Cerita Sepanjang Jalan Pacaran

Cerita Sepanjang Jalan Pacaran


Katanya cowok dan cewek bisa sahabatan. Menurutku? Ya… bohong. Minimal di kasusku, teori itu ambyar.

Aku sahabatan sama dia selama tiga tahun. Panggilannya pun unik: aku manggil dia “Dinda”, dia manggil aku “Kanda”. Kalau dipikir sekarang, itu cringe banget. Tapi ya gitu, lama-lama kenyamanan berubah jadi kekosongan yang pingin diisi. Sampai akhirnya, aku nembak dia.

12 Maret 2011, kami resmi pacaran. Sejak itu “Dinda-Kanda” pensiun, diganti dengan “Sayang”. Tapi aku lebih suka manggil dia “Nduk”. Lebih sederhana, lebih ngangenin.

Pertama Kali Main ke Rumahnya: Ketemu Keluarga Naruto

Aku pernah tanya, “Nduk, aku boleh main ke rumahmu?”
Dia jawab polos, “Jangan sekarang, aku masih SMK.”
Aku cuma ketawa, “Lha, emang aku mau ngapain? Cuma mau kenalan sama orang tuamu.”

Beberapa bulan kemudian, aku akhirnya main ke rumahnya. Yang bikin kaget, keluarganya kayak keluarga Naruto. Adiknya yang masih SD hafal semua nama ninja Konoha, bahkan ibunya pun ikut nimbrung. Aku? Cuma bisa senyum-senyum sambil mikir, “Kenapa aku masuk ke keluarga shinobi tanpa ijazah Chuunin Exam?”

Rekor Pacaran: Lebih Dari Setahun

Hari-hari berjalan normal: SMS-an, telpon, tuker kabar, ketemuan. Sampai akhirnya kami ngelewatin satu tahun pacaran. Buatku itu rekor baru, karena pacaran sebelumnya paling lama cuma setahun, bahkan ada yang dua bulan udah kandas.

Dengan dia, aku sempet mikir, “Apa dia jodohku?” Tapi langsung kuhempas. Masih terlalu dini. Ngomongin jodoh waktu masih kuliah tuh rasanya kayak ngomongin cicilan rumah padahal tabungan masih 50 ribu.

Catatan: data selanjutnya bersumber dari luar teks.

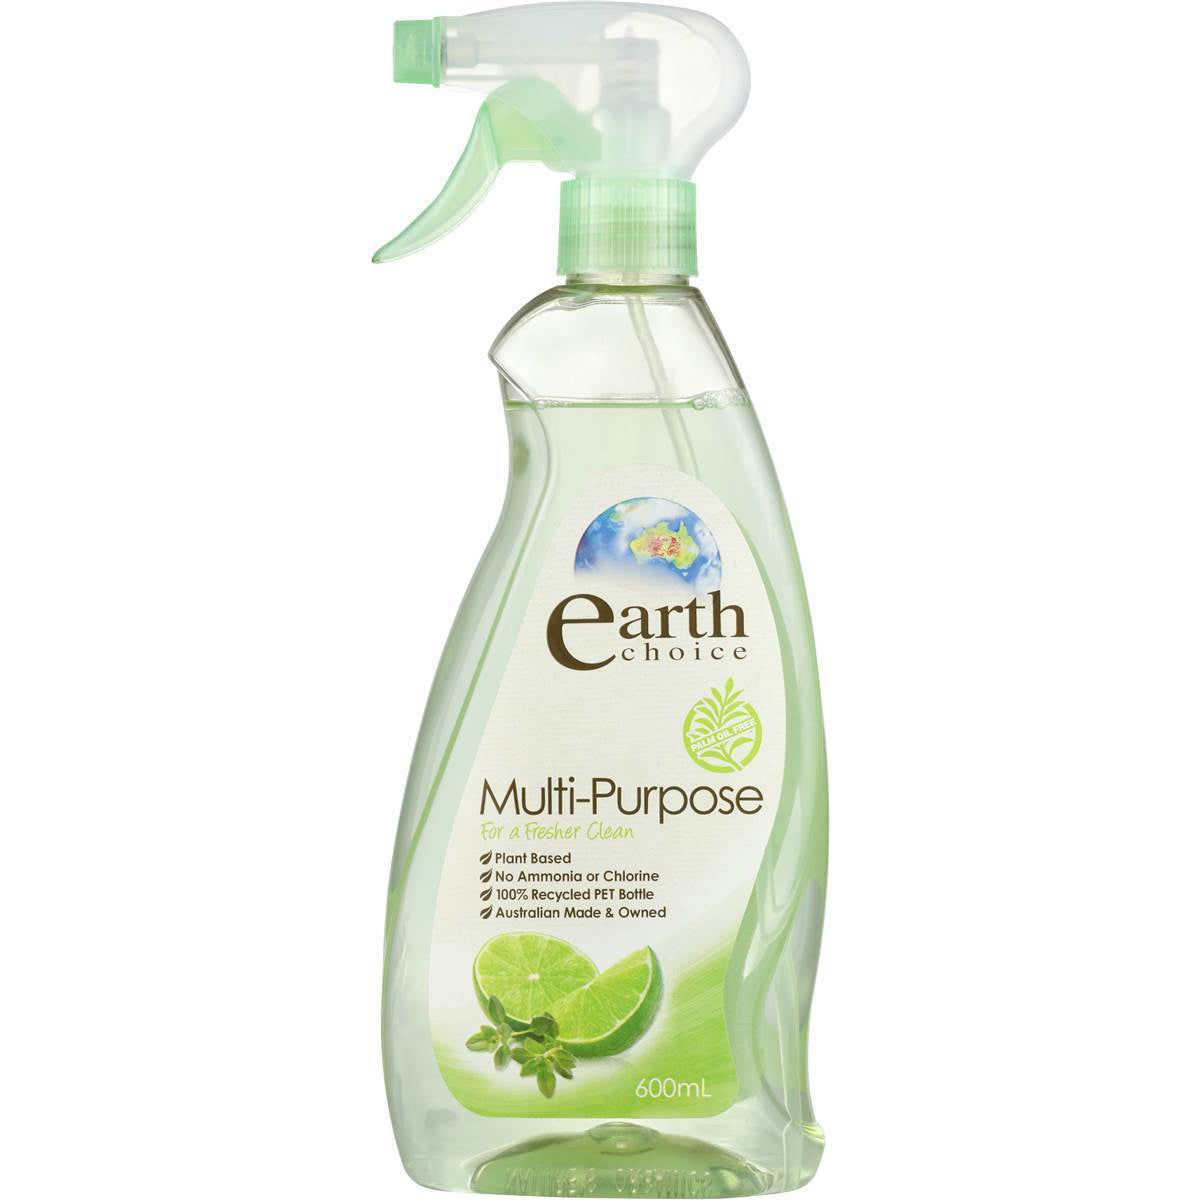 Earth Choice Multi Purpose Surface Spray 600mL

Masalah Cemburu yang Klasik

Pacaran tanpa cemburu itu kayak makan bakso tanpa sambal: hambar.
Dia punya banyak teman cowok, aku punya banyak teman cewek. Jadi ya, sering ada gesekan. Tapi masalah selalu kelar. Caranya? Dengan metode klasik: yakinkan pasangan berkali-kali bahwa “aku udah berubah kok.”

Rahasia pacaran awet? Sebenarnya nggak ada. Kami cuma saling terbuka, saling menerima. Dia suka anime, aku benci anime. Kalau dia lagi nonton anime, aku tinggal tidur.

Titik Terendah dan Keteguhan

Setelah kuliah, aku kerja. Dia sibuk dengan kuliahnya. Semua berjalan baik, sampai aku resign dan memutuskan jadi blogger. Saat itu aku merasa jatuh banget.

Aku bilang ke dia, “Nduk, aku nggak layak buatmu. Kalau kamu mau cari yang lain, monggo.”
Dia jawab, “Aku udah nyaman sama kamu. Aku masih mau semangatin kamu.”

Itu kalimat sederhana, tapi jauh lebih romantis dari ucapan “I love you” ala film Hollywood.

Episode Lamaran: Restu Orang Tua

Dengan segala perjuangan, aku akhirnya balik cari kerja lagi. Lowongan? Dia yang kasih. Nganterin lamaran? Dia juga. Aku diterima kerja, alhamdulillah.

Sampai suatu pagi, ibuku nelpon:
“Ndri, kamu serius sama Rahma?”
Aku jawab singkat, “Iya, Buk.”
“Ya udah, minggu depan ibu sama bapakmu pulang ke Jawa, sekalian ketemu orang tuanya Rahma.”

Dalam hati aku senyum, “Dari Dinda-Kanda, jadi Nduk-Sayang, sekarang siap-siap jadi istri.”

Penutup: Pacaran Itu Soal Bertahan

Kalau ada yang nanya rahasia pacaran lama, jawabannya simpel: bukan cari yang sempurna, tapi cari yang masih mau nemenin kamu bahkan ketika kamu nggak sempurna.